RUTH SUNDERLAND: We’re dealing with the good personal credit score peril

The world is facing a triple-headed risk monster: the Iran war, an AI meltdown and a private credit collapse on the scale of the 2008 financial crisis.

The trio are often discussed separately, but are intertwined and prone to amplify each other.

Private credit has financed many of the software companies whose business models are in danger of being made redundant by advances in AI.

As JP Morgan boss Jamie Dimon warned last week, AI can be exploited by bad actors and poses security risks to the financial system. It also gobbles vast amounts of energy, making it dependent on affordable and reliable supply, something that is clearly in jeopardy.

I warned a few weeks ago that the situation in the Middle East and volatile markets could exacerbate the risks surrounding private credit.

Higher oil prices will feed into inflation, keeping interest rates higher for longer. Corporate earnings may suffer and the risk of defaults will rise correspondingly.

Looking ahead: The thought of world leaders and central bankers having to navigate the complexities of a financial rescue with Donald Trump thrown into the mix defies contemplation

Andrew Bailey, the Bank of England governor and a veteran of the Great Financial Crisis, has confessed to sleepless nights over the combination of an energy shock, volatile share and bond markets, and a private credit plunge.

He draws parallels between the private credit market and the sub-prime mortgage sector of 18 years ago.

These are not exact. Private credit is a relatively small part of the financial system. Unlike conventional banks, providers don’t take deposits from small savers, so there can be no bank ‘runs’ as happened with Northern Rock, when frightened depositors queued in the street. Private credit funds have put caps on withdrawals, so panicked investors can only take out a limited amount.

Once the ceiling has been reached, investors are ‘gated’ – in other words, their money is trapped, though some funds have allowed some leeway. Nor do the providers of private credit, whether they be hedge funds or other non-bank lenders, have a government backstop in the same way as banks. In theory taxpayers are not on the hook.

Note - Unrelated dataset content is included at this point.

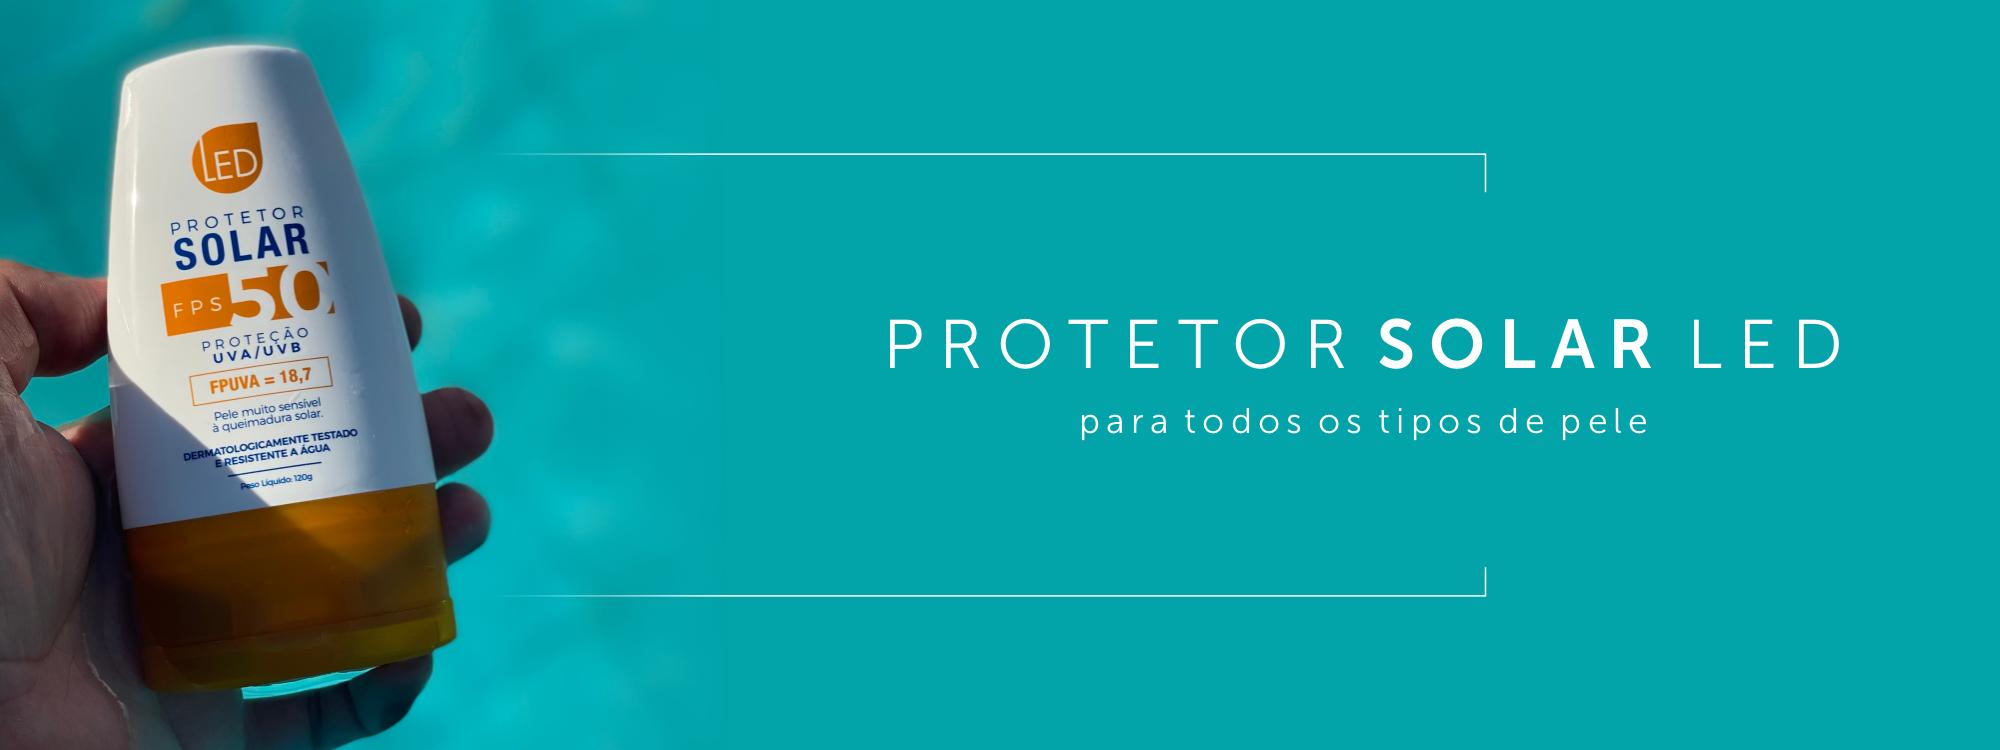 LED – Evolução Dermatológica | Indústria Cosmética especializada no atendimento à manipulação farmacêutica | Campinas – São Paulo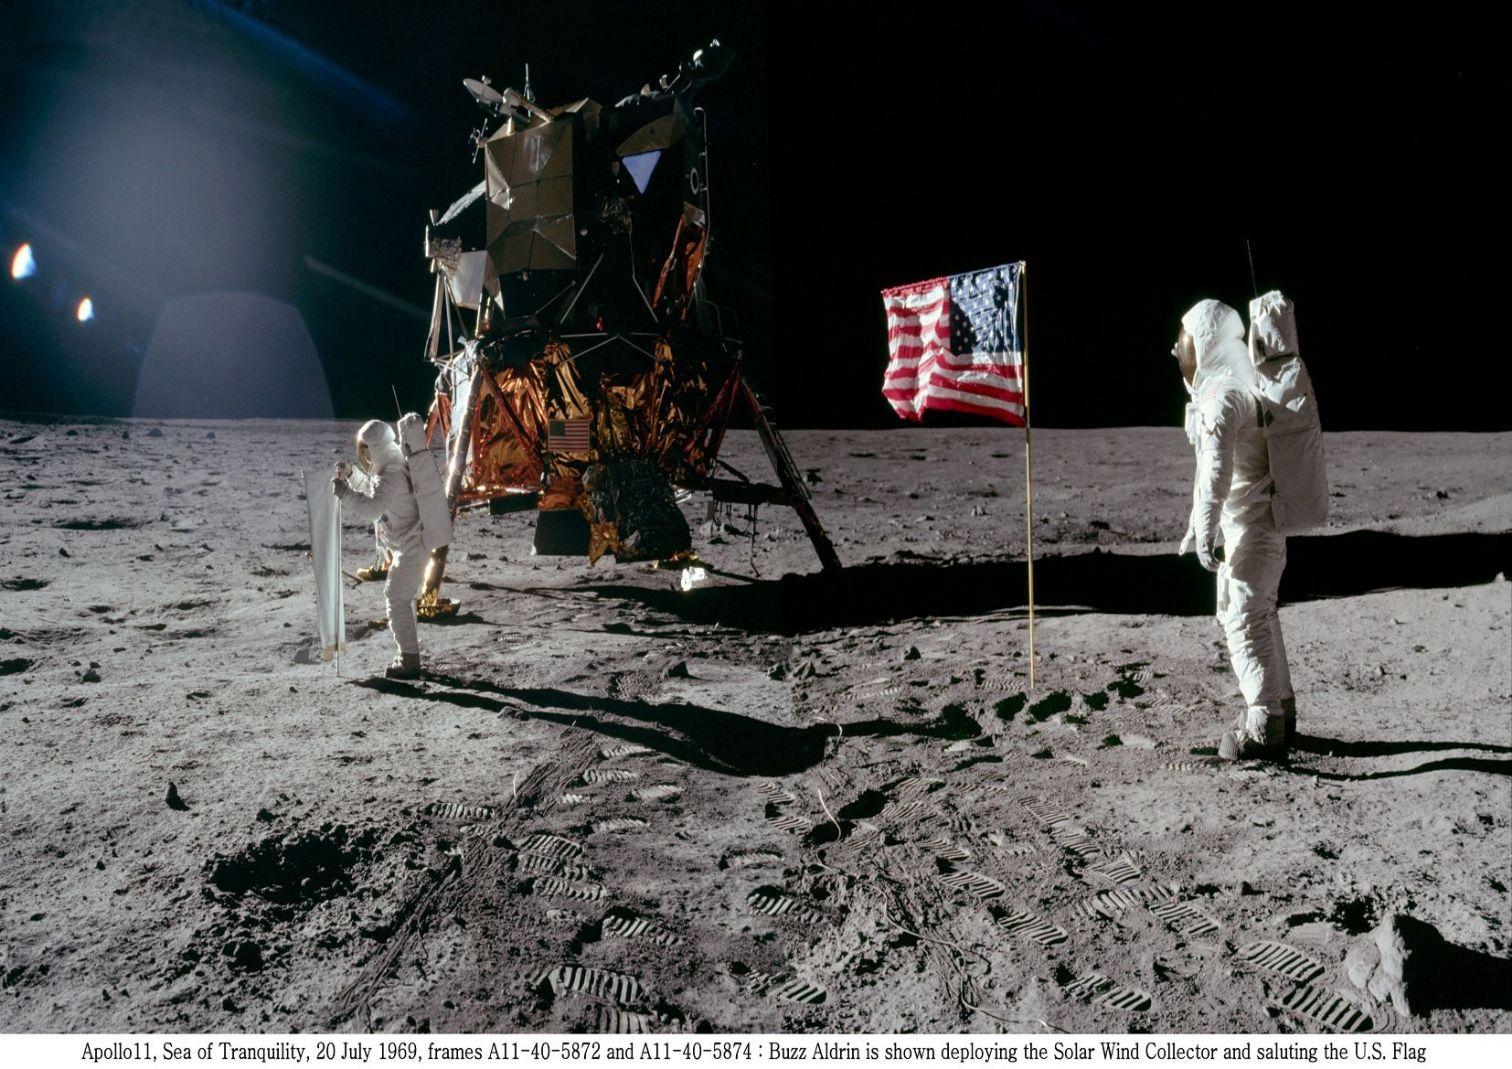 Pendaratan di bulan, 8 tahun setelah pidato Kennedy

None of this is tremendously reassuring, however. It does not rule out a crisis that could infect the wider financial system and drag in the wider public. One route through which this could happen is insurance companies. Several private credit operators own insurers, which has given them access to money belonging to policyholders.

And the idea that curbs on withdrawals are an impregnable barrier fails to convince. It is starting to look a bit King Canute, given that, according to the Financial Times, a tidal wave of investors tried to retrieve $20billion from private credit funds in the first three months of this year.

If the situation deteriorates, terrified and angry investors are unlikely to respond meekly to having their money trapped: funds must expect rebellions and court challenges.

The over-arching threat is a breakdown of trust and confidence in the whole system, similar to that in 2008.

A further fear is whether the US, under Donald Trump, would once again play the role of lender of last resort to the world, as it did in 2008, thereby saving the financial system from even worse harm.

The thought of world leaders and central bankers having to navigate the complexities of a rescue with Trump thrown into the mix defies contemplation.

If a disaster does happen, and let’s hope it does not, we may not be able to count on the safety nets we had in the Great Financial Crisis.